Caption: The user opens the Property Schedule and finds the property from the Waterfront group. The 'Owner Stays at Waterfronts' workflow applied correctly. Tasks show up at the scheduled times relative to the reservation dates.
What Made it Work
What made this system succeed where 3 versions failed:
- Self-service: No more spreadsheets or engineering tickets. Clients could build and edit workflows themselves.
- Visual logic: The node structure made automation transparent. Clients could see how rules would behave before activating them.
- Migration-ready: We systematically covered existing use cases while enabling new ones. We could confidently sunset all three legacy versions.

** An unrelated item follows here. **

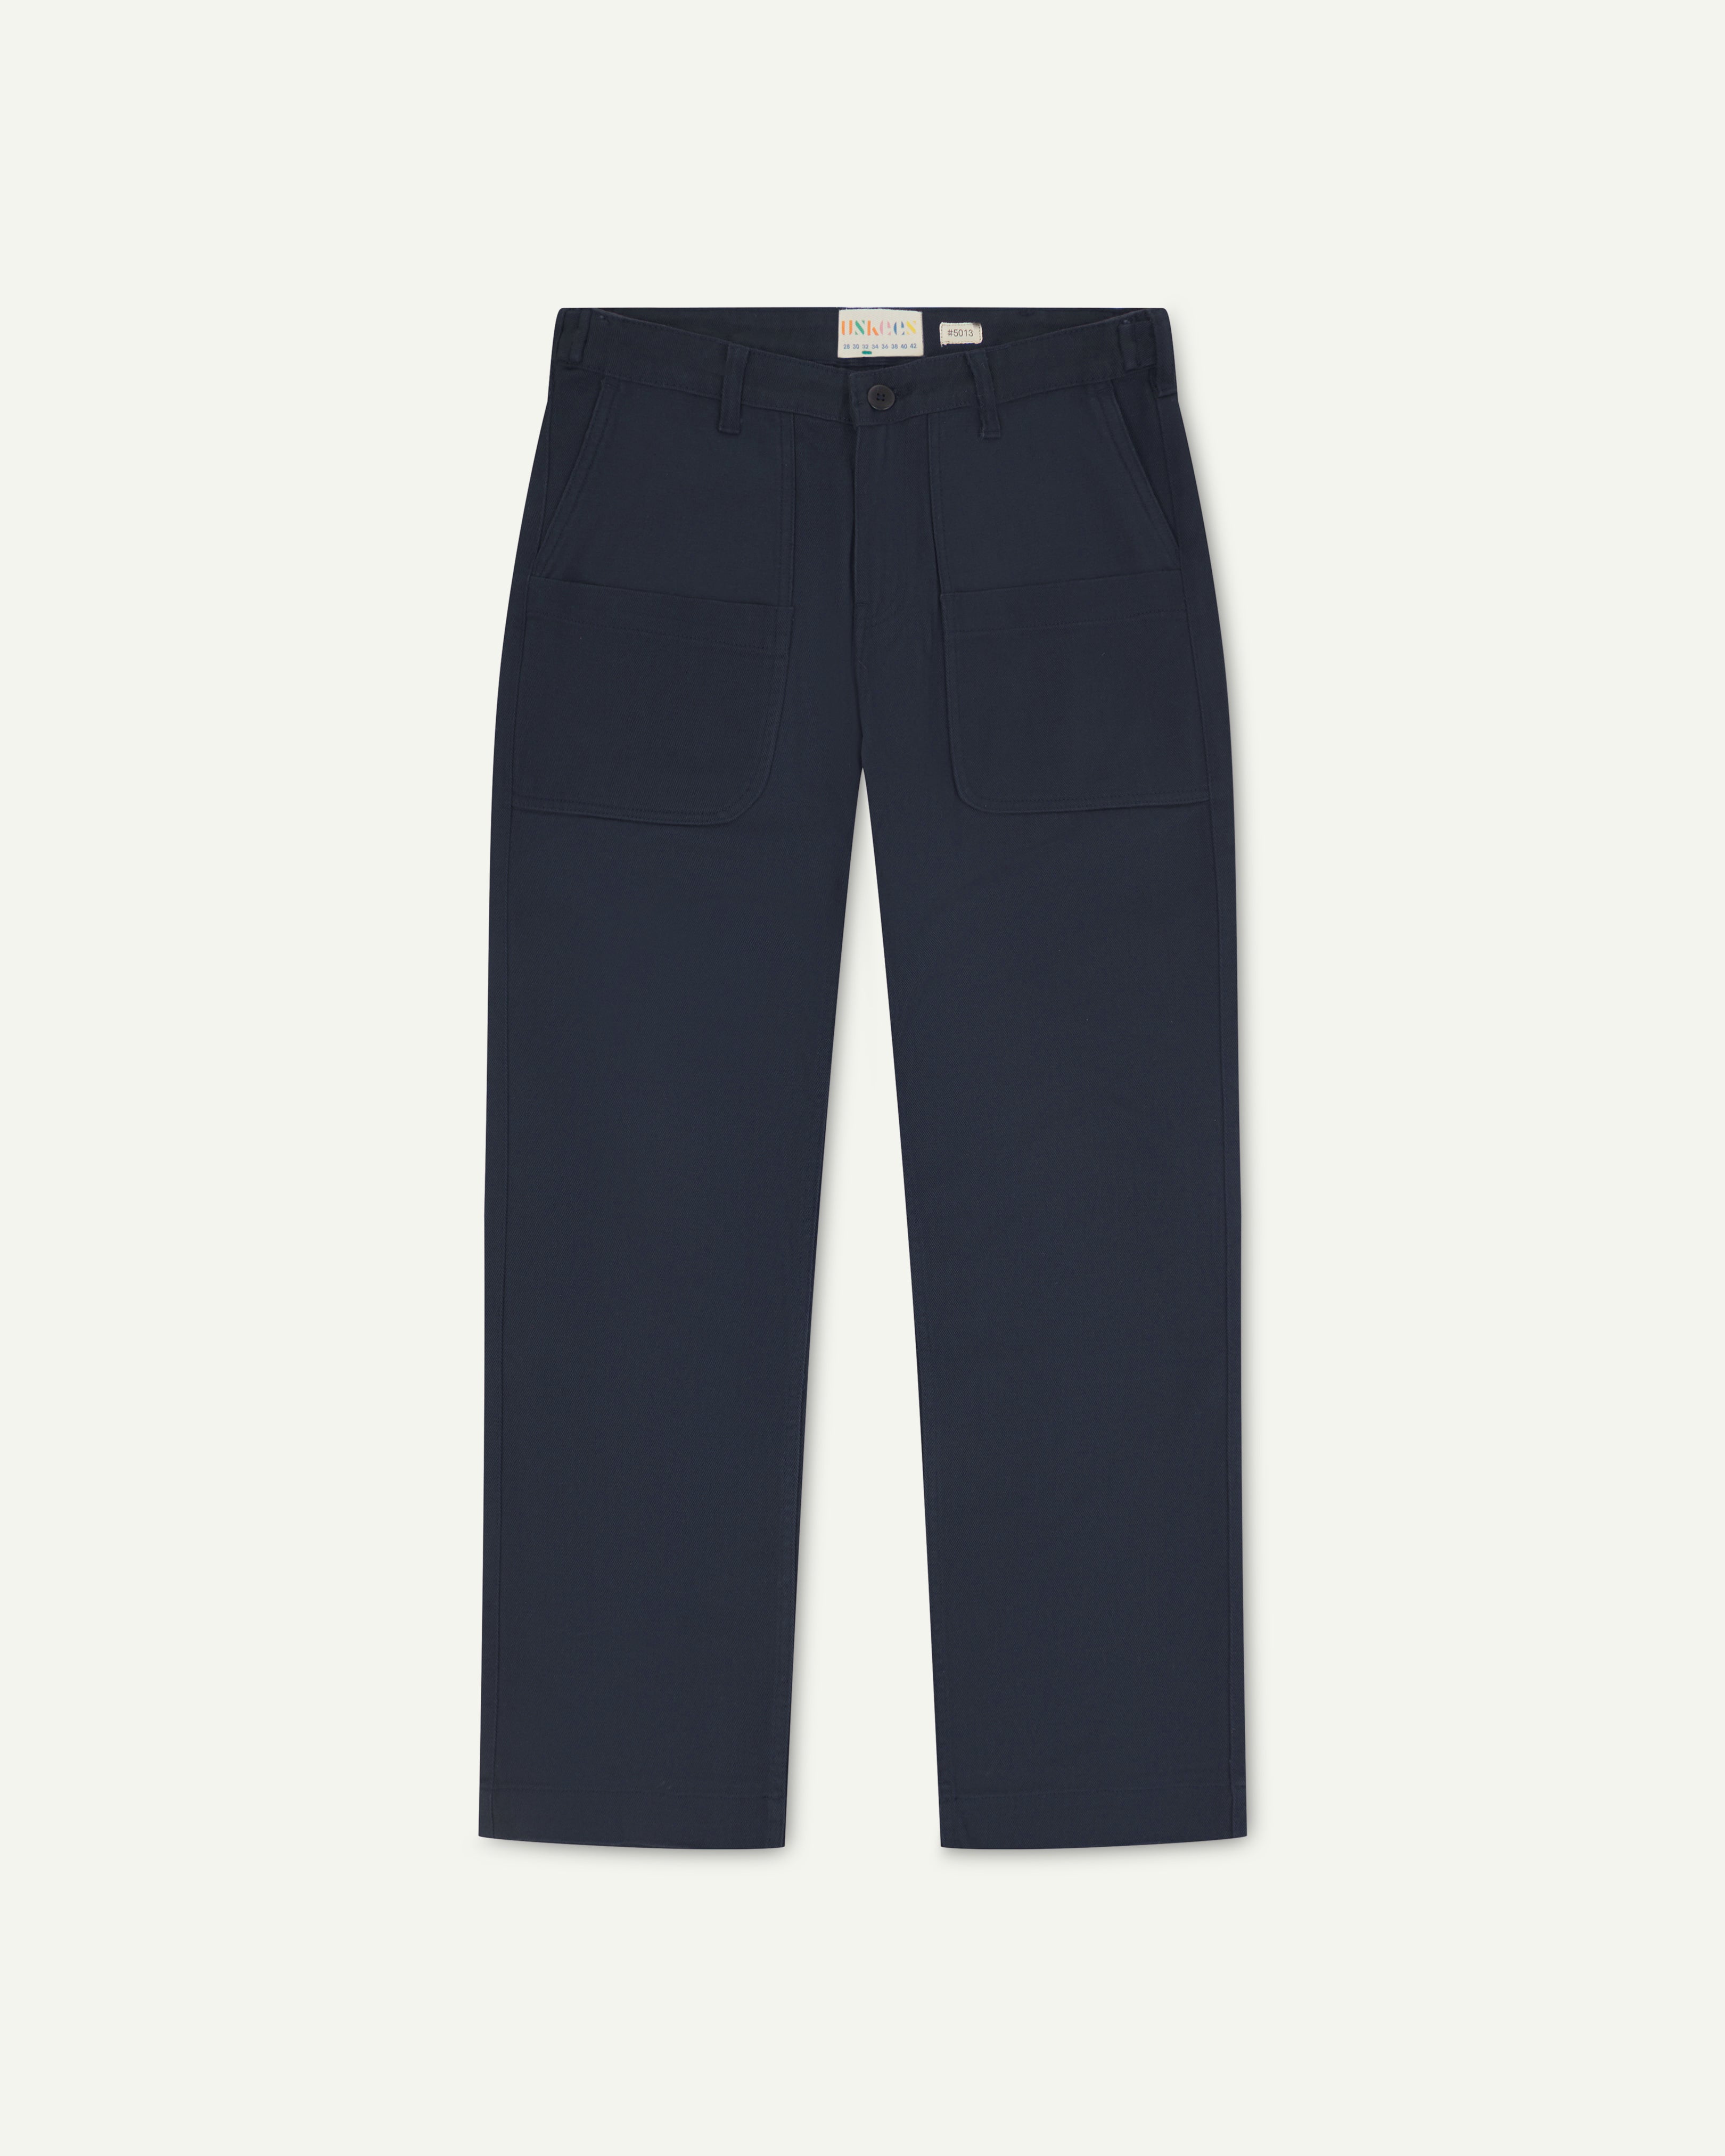 Flat shot of uskees dark blue drill trousers for men showing label at waistband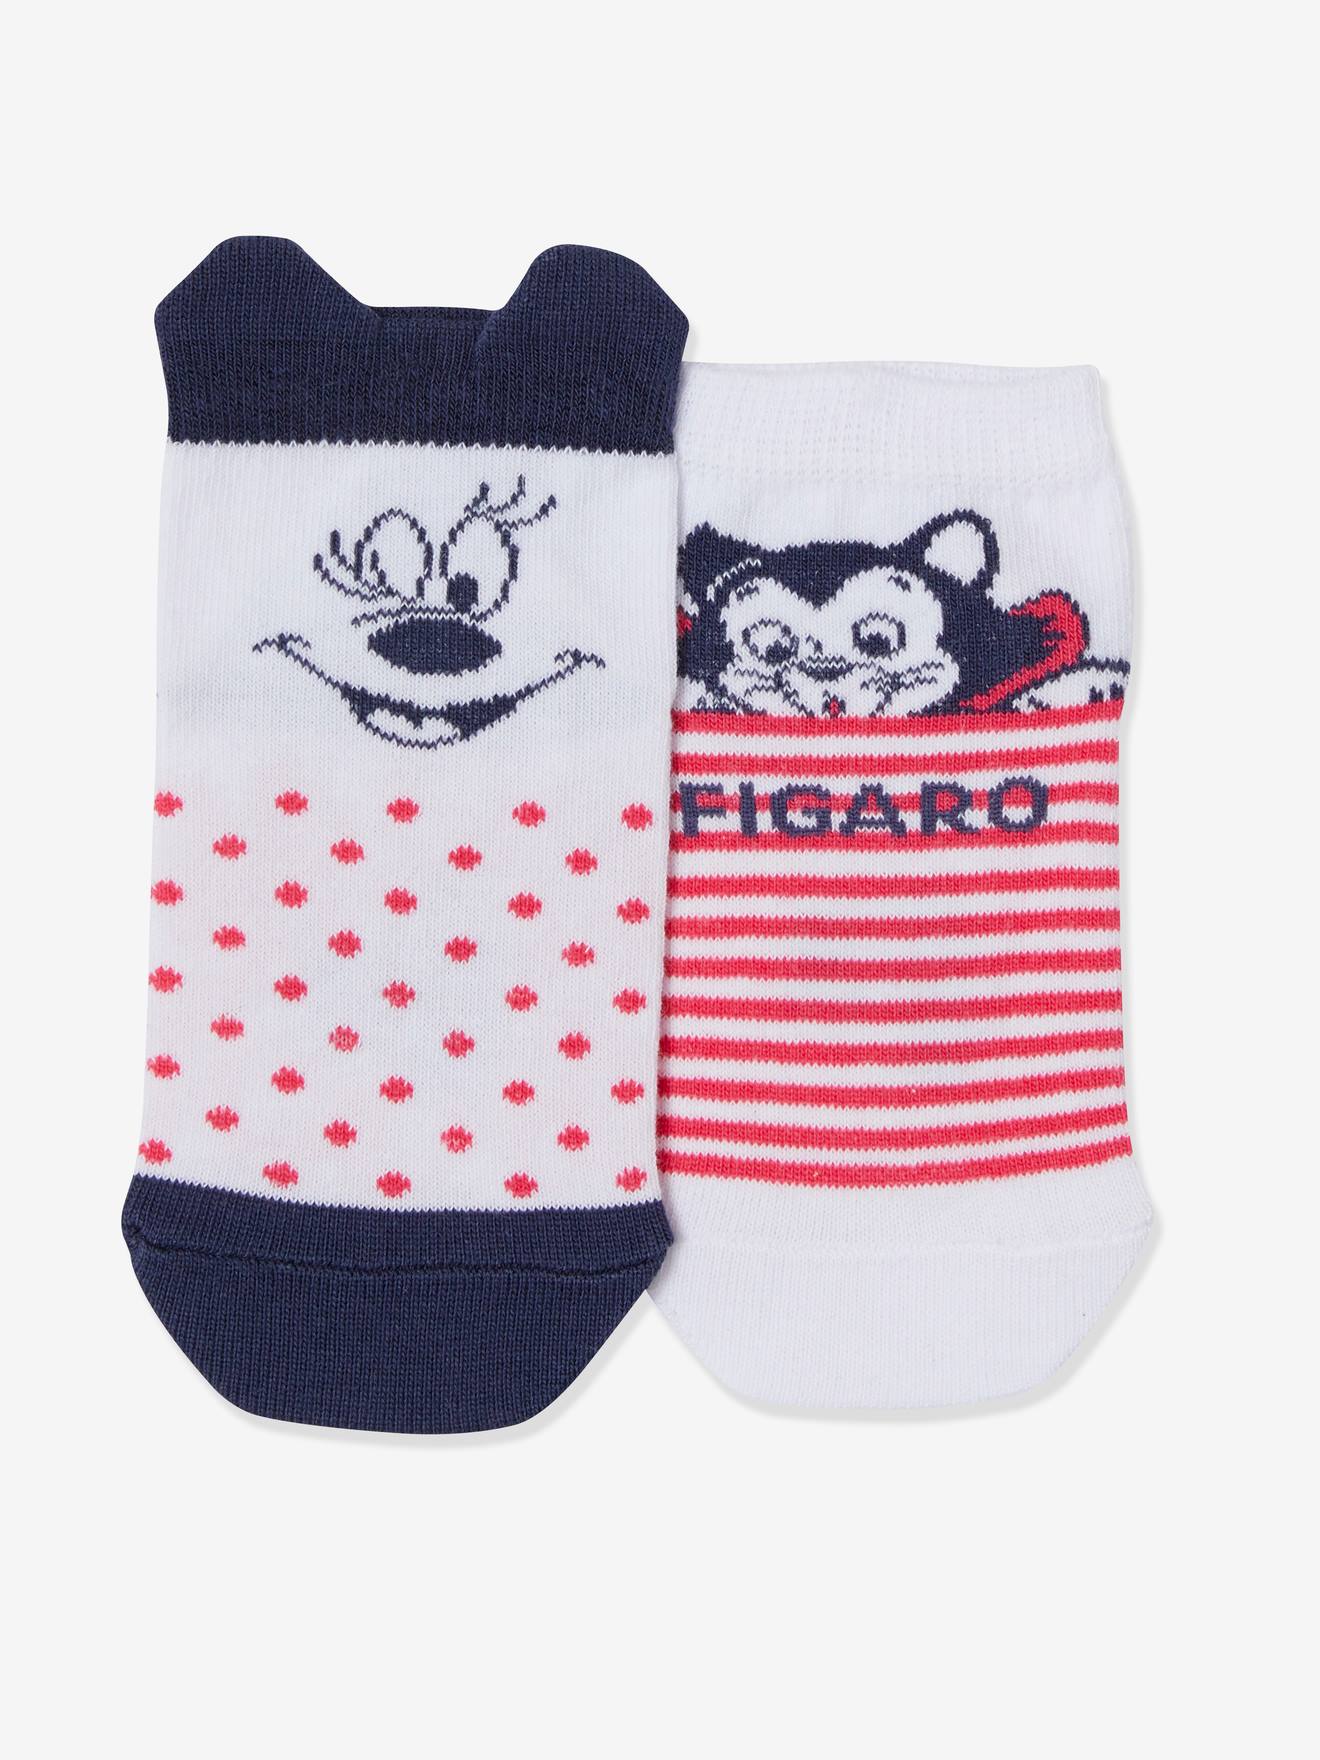 Pack of 2 Pairs of Socks, Disney Minnie Mouse & Figaro(r) white

Beyond Automated Workflows
The node components became part of our design system. The Messaging team adopted them for their Custom Auto Messages feature. I moved the components from my local project file to our design system, wrote up tickets for the Messaging team to add to Storybook, and worked with their engineer on implementation. I also helped their designer update their design to use the standardized component.
Custom Auto Messages
Same pattern. Different content. One component powering two automation features.
Caption: The Messaging team's Custom Auto Messages using the Condition and Action node components after they were added to the design system.